[Records contained in a dataset]:
◆ ◆ ◆

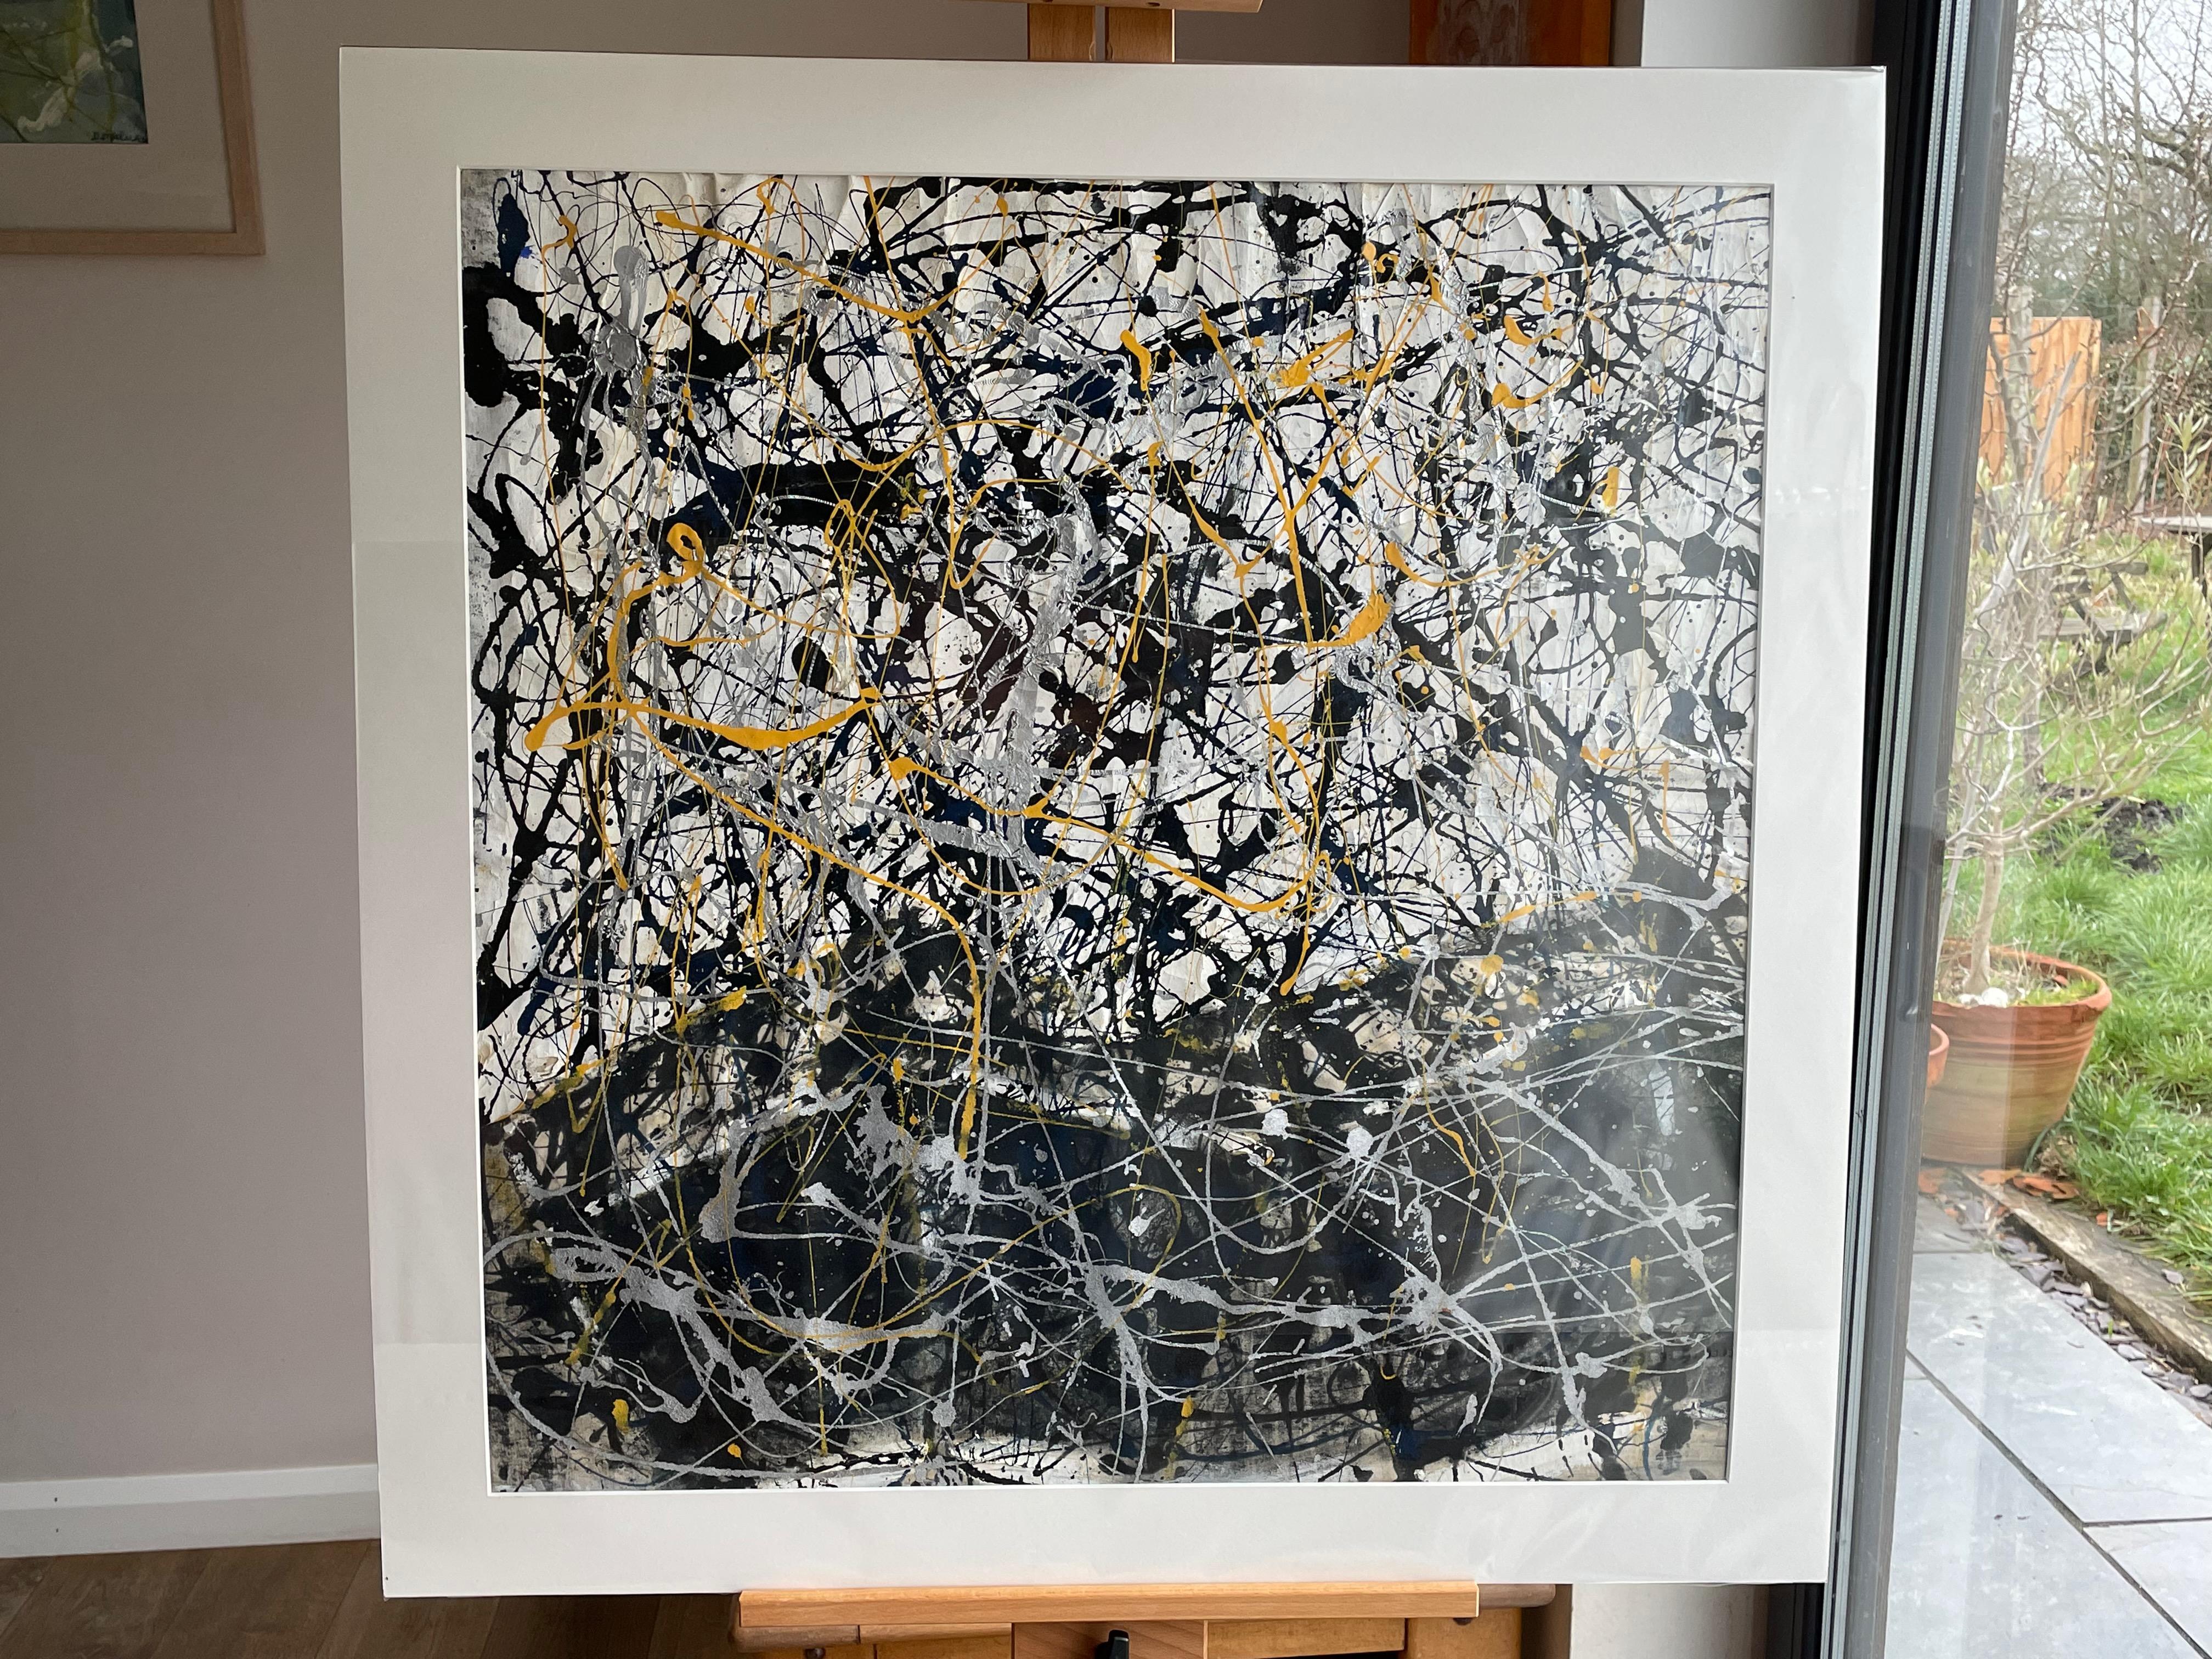 A large piece that uses colour in a particularly expressive way. This painting is warm and fluid contrasting monotones with splatters of yellow pigment.

Splatter painting on canvas.

Unsigned and mounted on card

Mounted 34
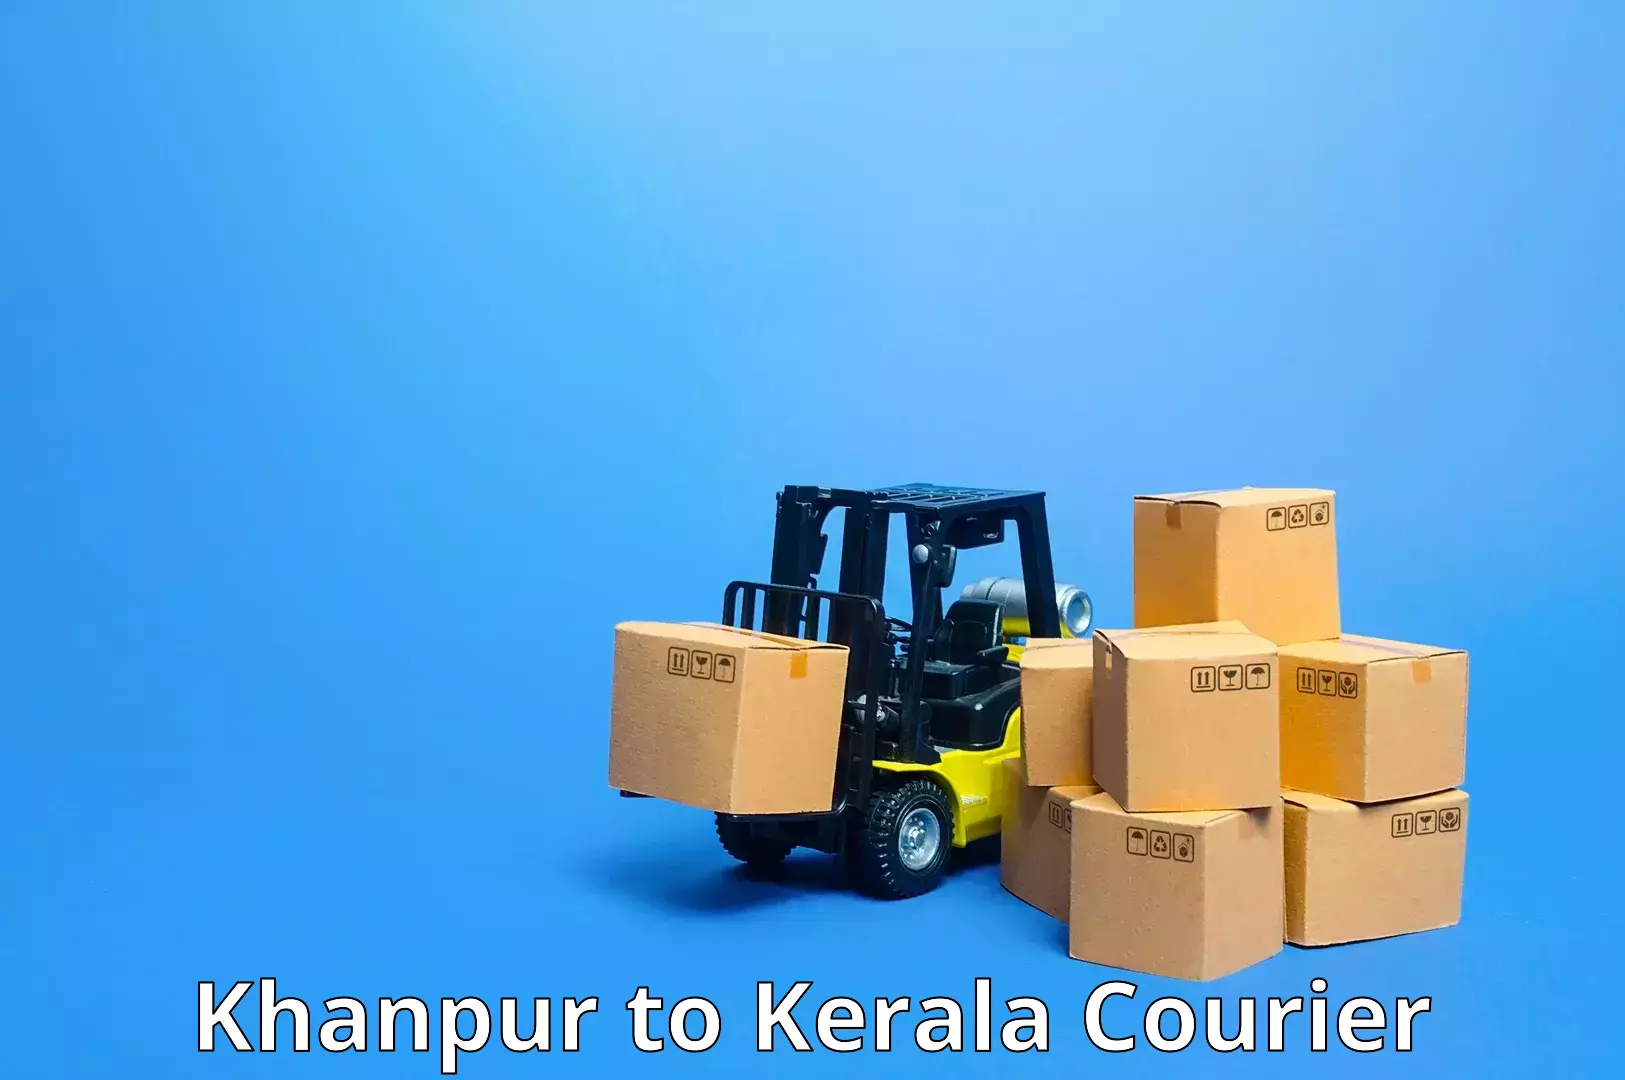 Comprehensive shipping network Khanpur to Pathanamthitta

◆ ◆ ◆

Restate the data above word for word. Skip every picture.

[Solution below]:
 A large piece that uses colour in a particularly expressive way. This painting is warm and fluid contrasting monotones with splatters of yellow pigment.

Splatter painting on canvas.

Unsigned and mounted on card

Mounted 34
 Comprehensive shipping network Khanpur to Pathanamthitta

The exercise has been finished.